Give the data below again exactly as written, but without the pictures.

• **Dataset excerpt**

________________________

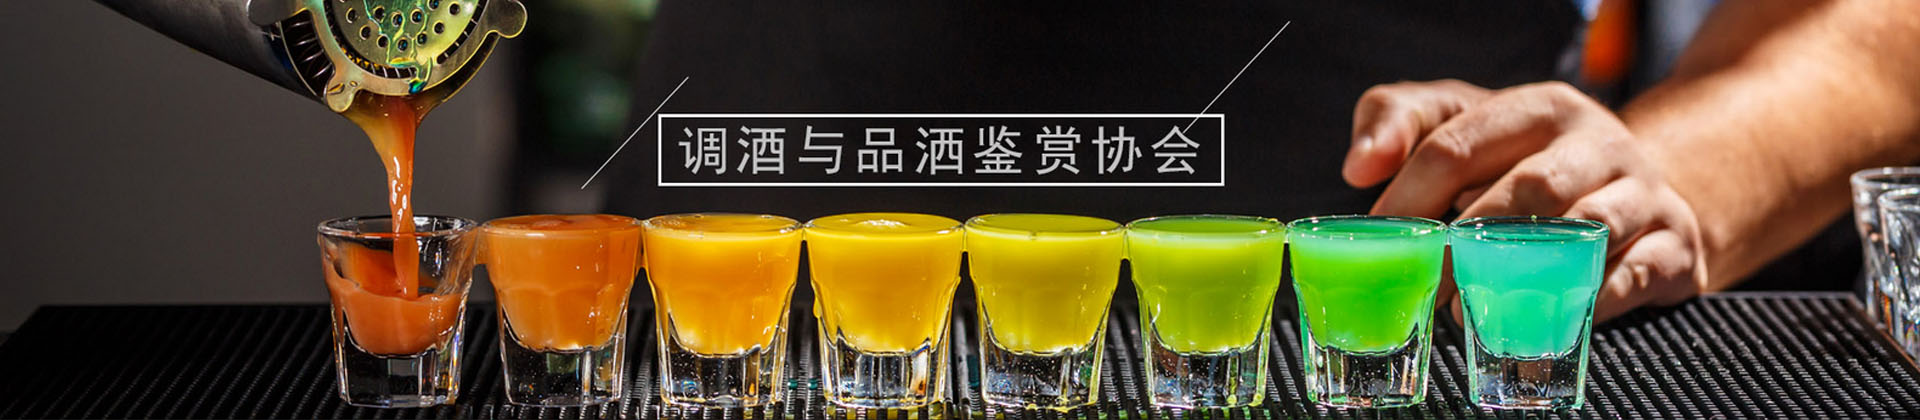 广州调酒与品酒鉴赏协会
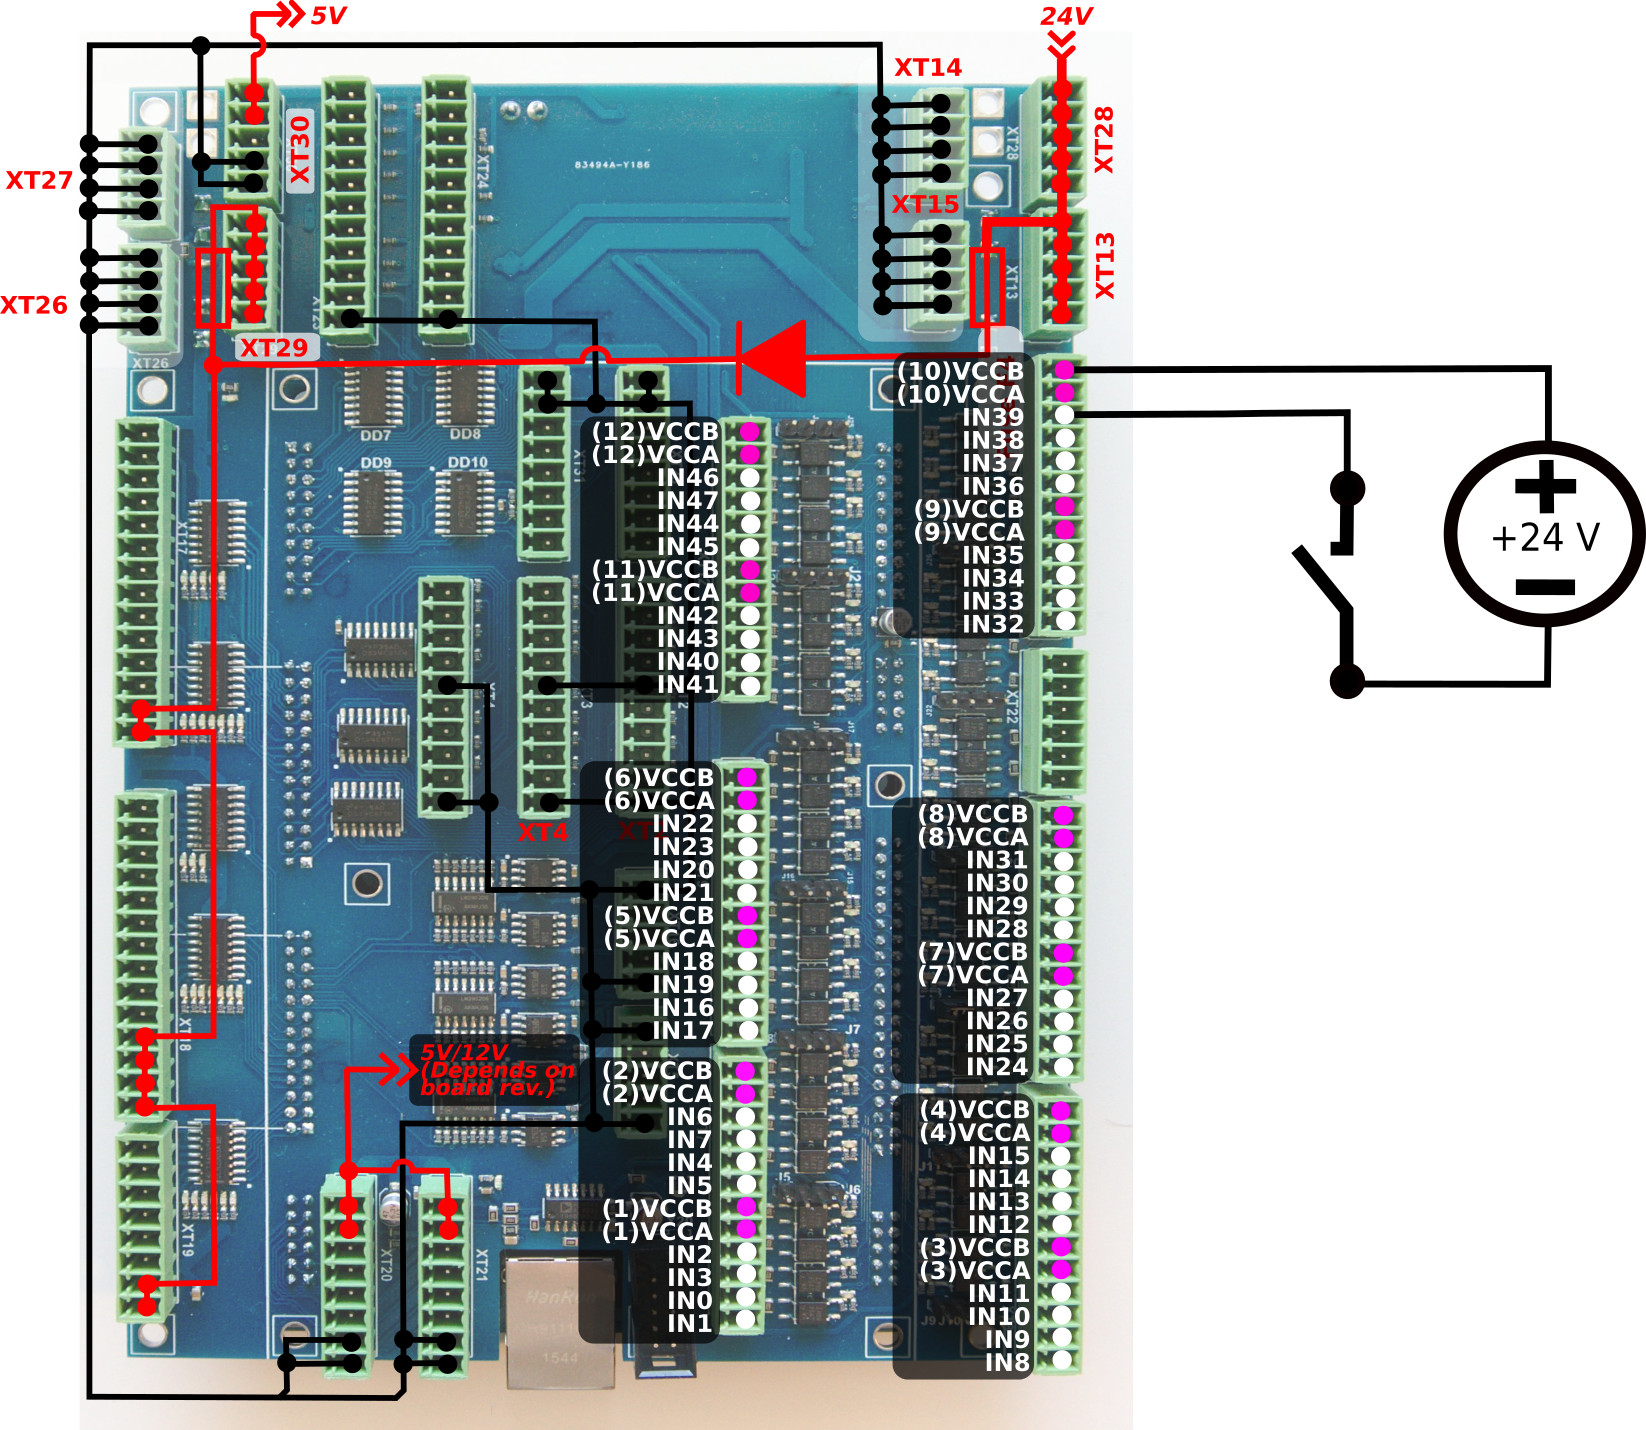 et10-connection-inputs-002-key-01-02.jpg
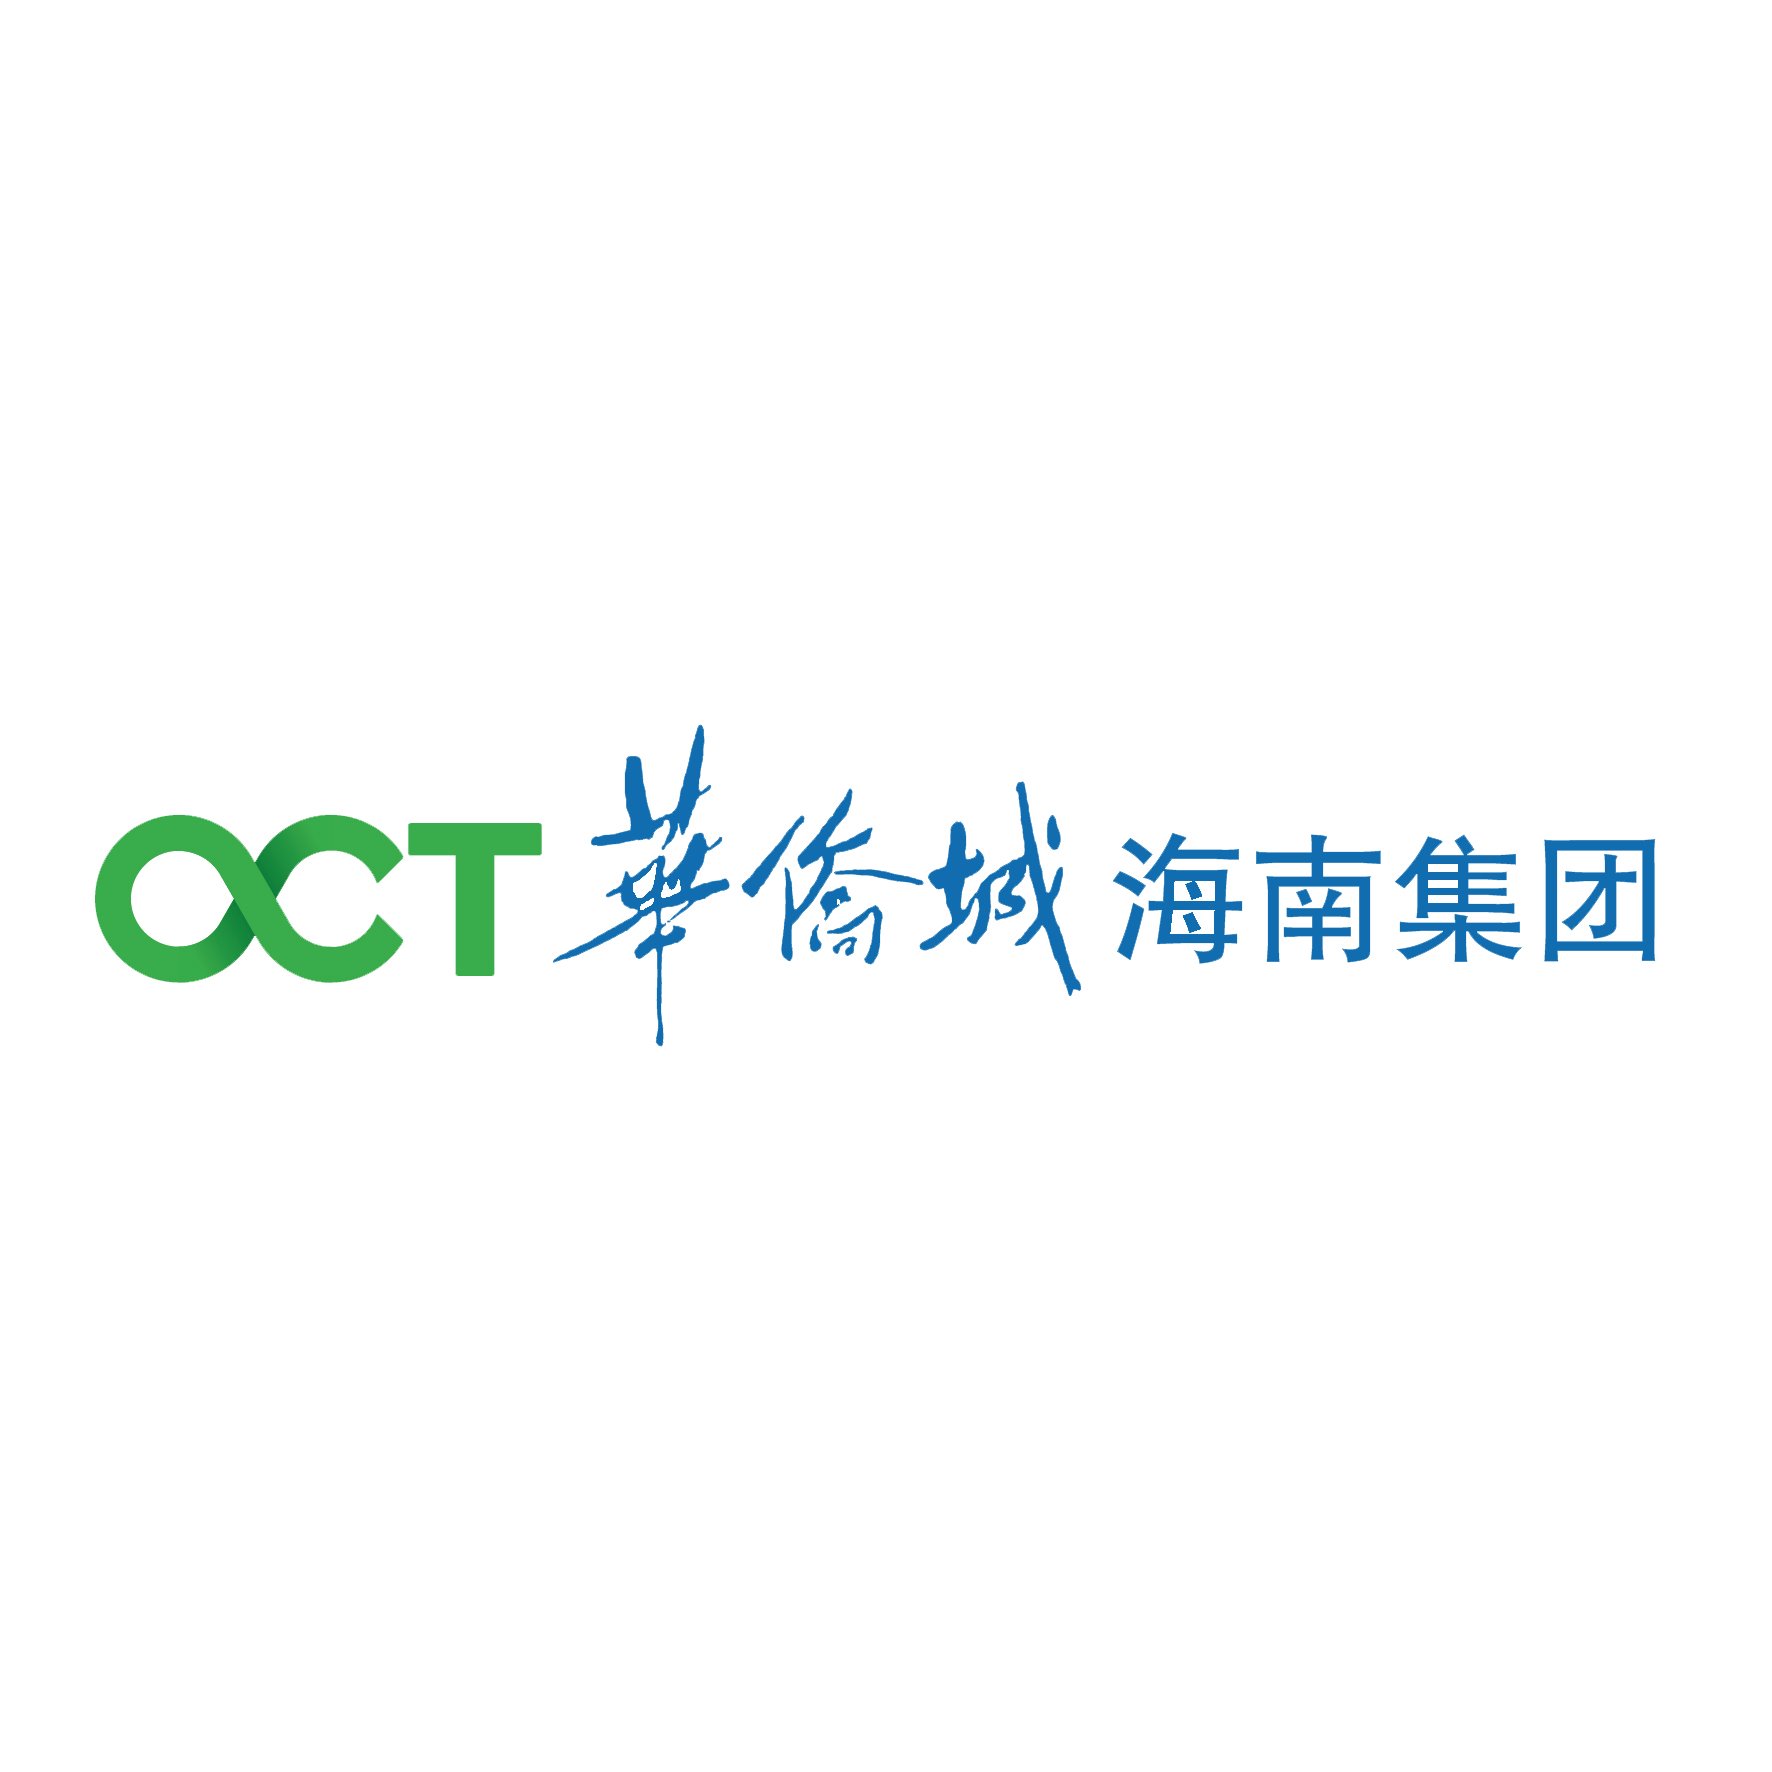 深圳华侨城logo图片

________________________

• **Response to this task**
 广州调酒与品酒鉴赏协会
 et10-connection-inputs-002-key-01-02.jpg
 深圳华侨城logo图片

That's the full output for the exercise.